Publishing houses in Tibet, Qinghai, Gansu, and Yunnan have available more than 50 medical titles including Four Medical Classics, Jingzhu Materia Medica, Blue Glaze, and the New Collection of Traditional Tibetan Medicine. In the mid-1980s, well-known traditional Tibetan medicine experts from Tibet, Qinghai and Sichuan, gathered in Lhasa to compile textbooks on clinical practics, inside medicine, surgery, gynecology, pediatrics, five awareness organs, prescriptions, pathology, and diagnosis. In the early 1990s, textbooks for university and minor students were compiled, and crucial theories of novel medical science and diagnosis were added.

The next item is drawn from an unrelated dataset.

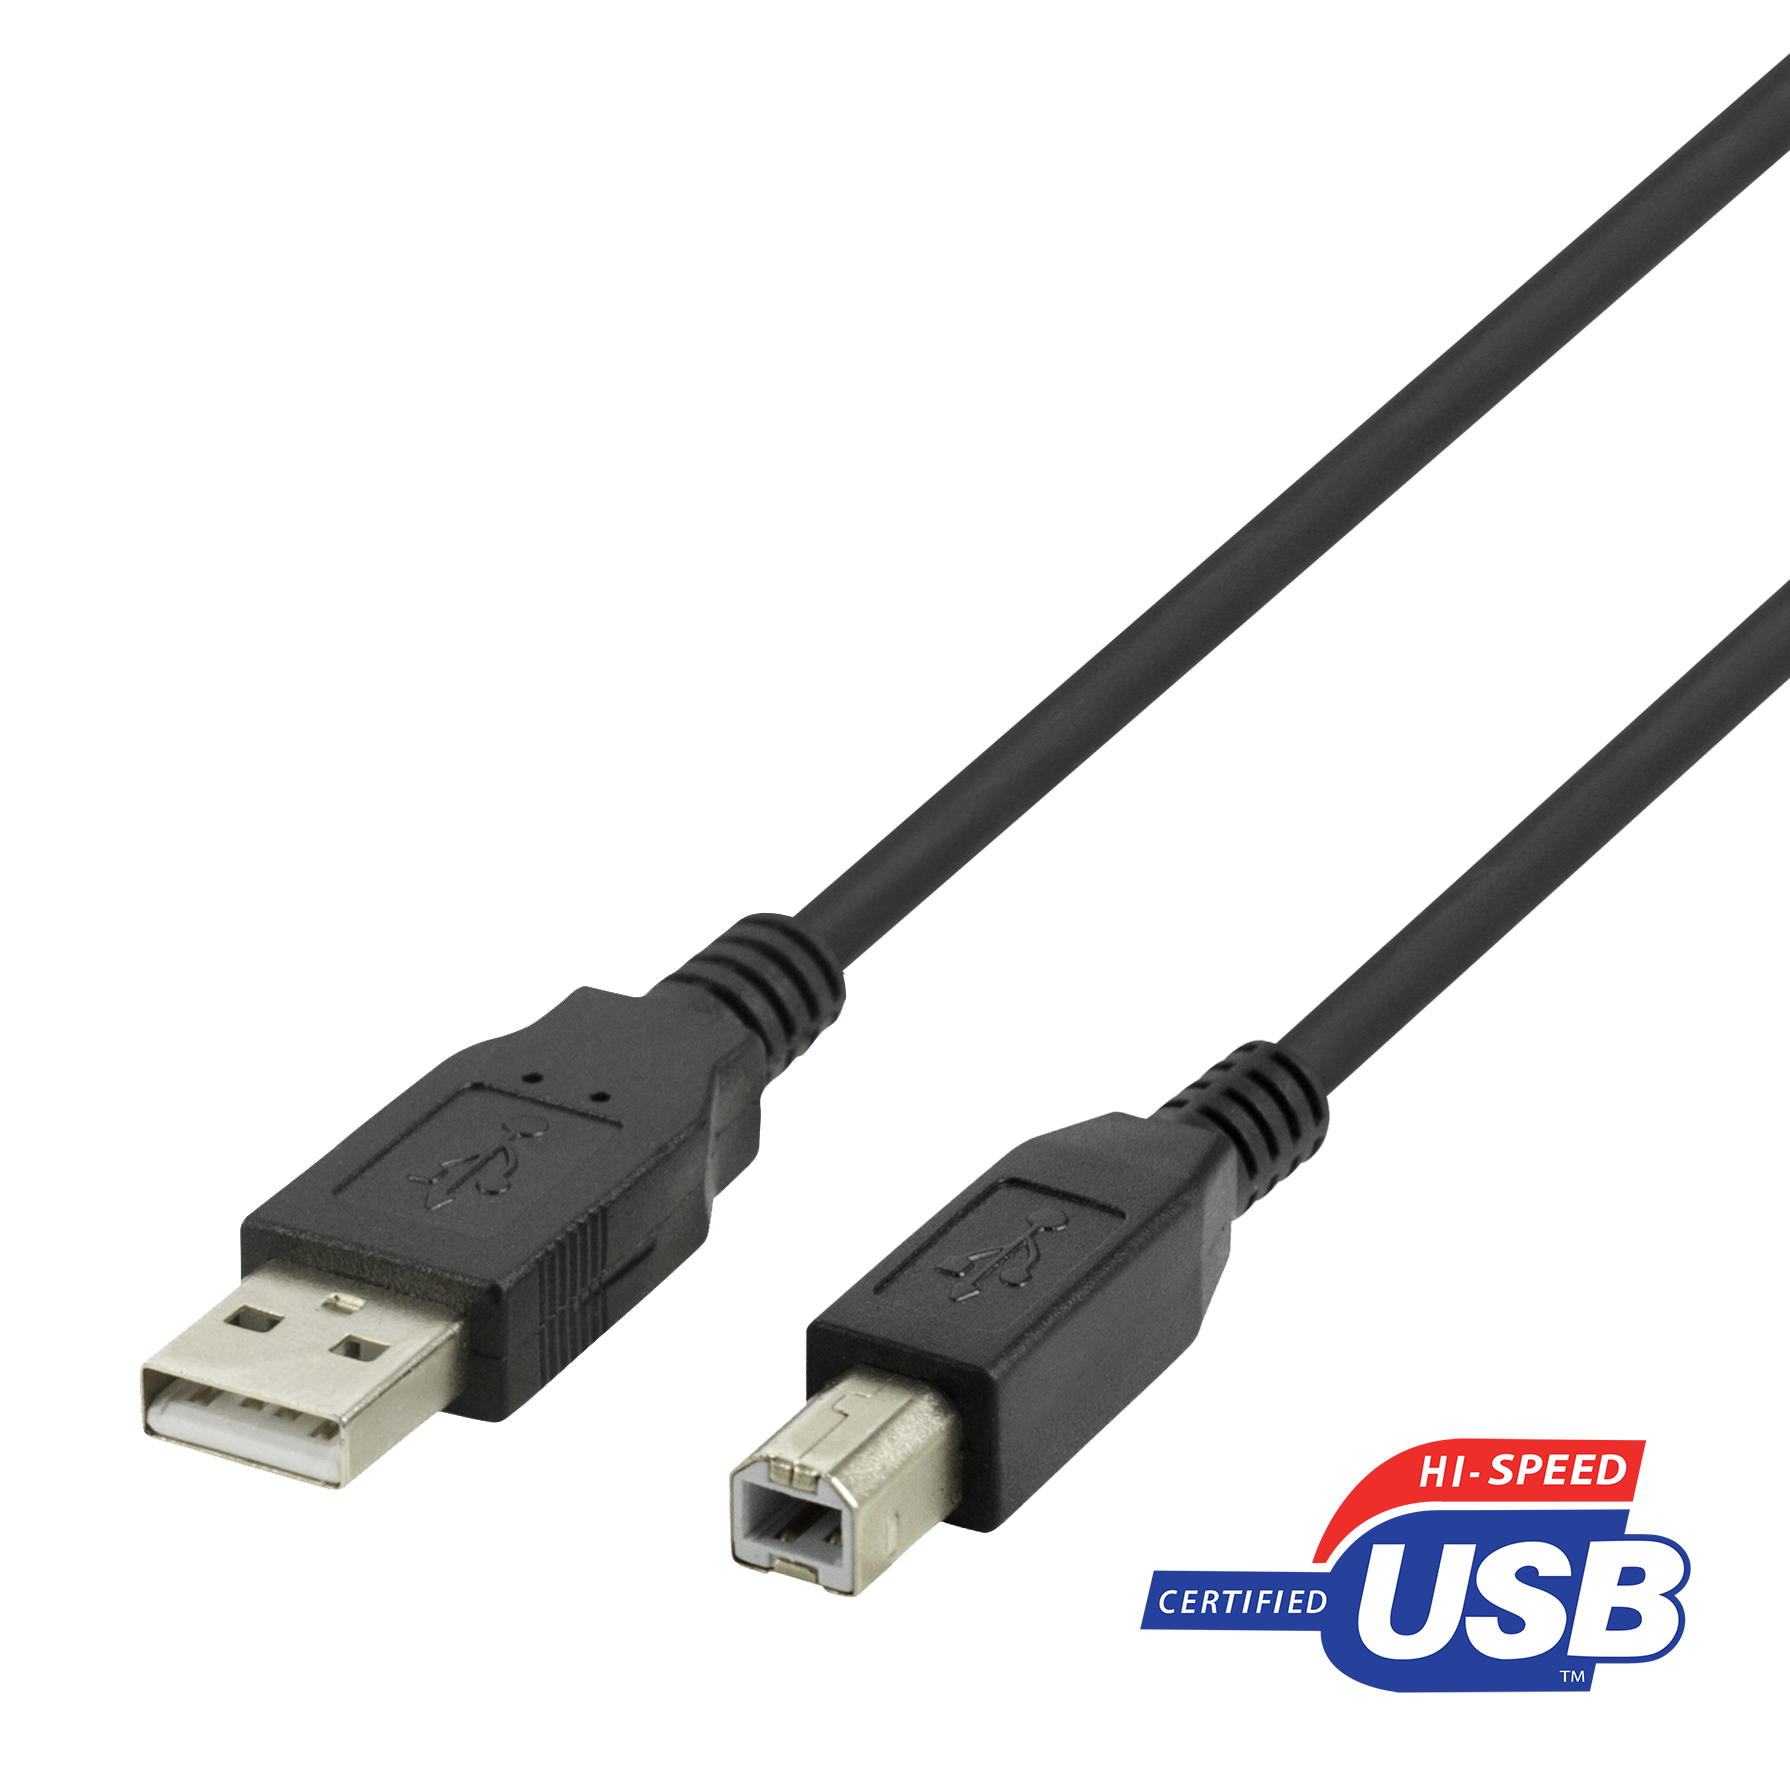  USB-B 2.0 cable DELTACO suitable for printers, 1m black / USB-210S-K / R00140001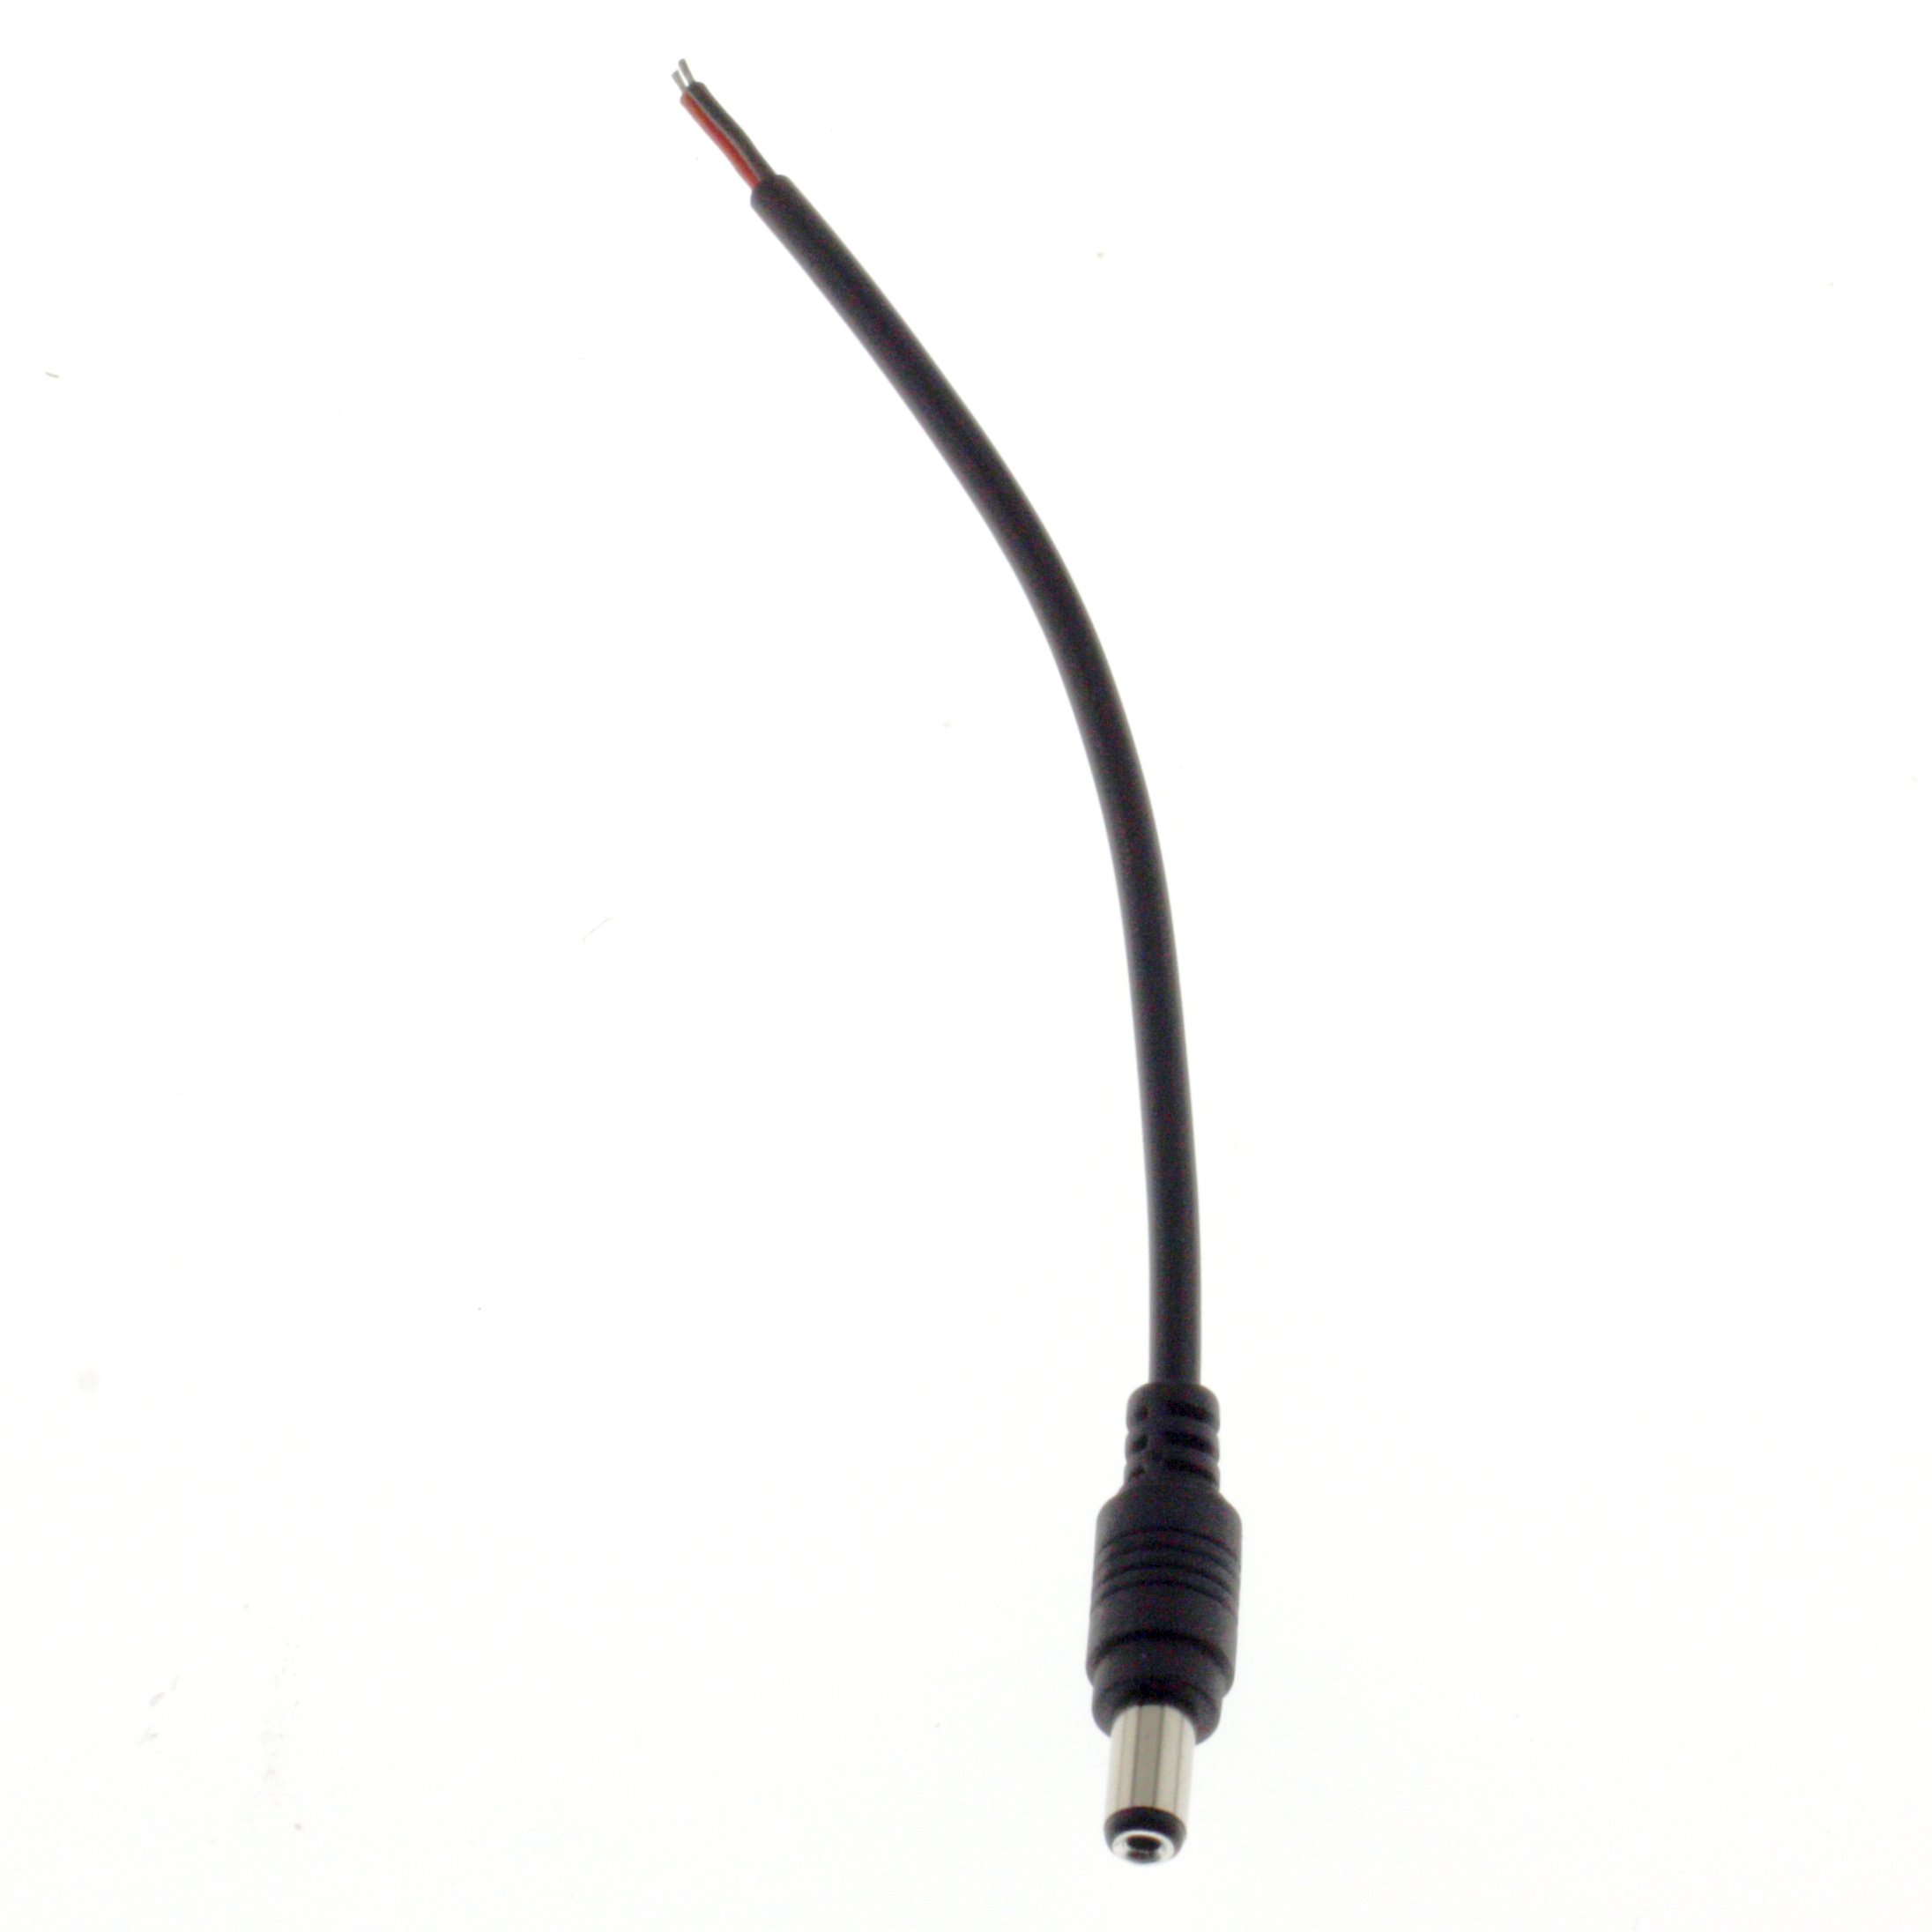 Adaptor dc plug 5,5x2,1 to wire

Scientific Tibetan medicine inquiries has been slowly dispersal. In Traditional Tibetan medicine centers in Tibet, Qinghai and Gansu, explore and development have been conducted in the fields of historical record research, Tibetan medicine uses, diagnosis techniques, and pharmaceutical production. The Hospital of Traditional Tibetan Medicine of Tibet Autonomous Region and the People's Hospital of Tibet Autonomous Region work together to improve treatment of unending atrophic gastritis. Patients take pharmacist-primed Tibetan medicines and doctors used present pathological methods to trial outcome. The hospitals' cooperation has won a third-classify prize for scientific and technological grow from the Ministry of Public Health. The two hospitals and experts from the pharmacological research institute of Huaxi Medical University jointly conducted research on medicinal herbs unique to the Qinghai-Tibet Plateau, including rhodiola, Chinese caterpillar fungus and Drosera peltata. Lab tests show that these plants contain opposing-aging compounds as well as defiant-oxidants. In addition, more than ten pharmacist-prepared Tibetan medicines have been found to have anti-bacterial inflammation falling functions.
More than ten cities in the interior have set up Tibetan medicine centers. One of the chief is the Beijing Hospital of Traditional Tibetan Medicine. Over the forgotten the existence, the sickbay has normal virtually 200,000 patients. The hospital plays a decisive role in publicizing traditional Tibetan medicine.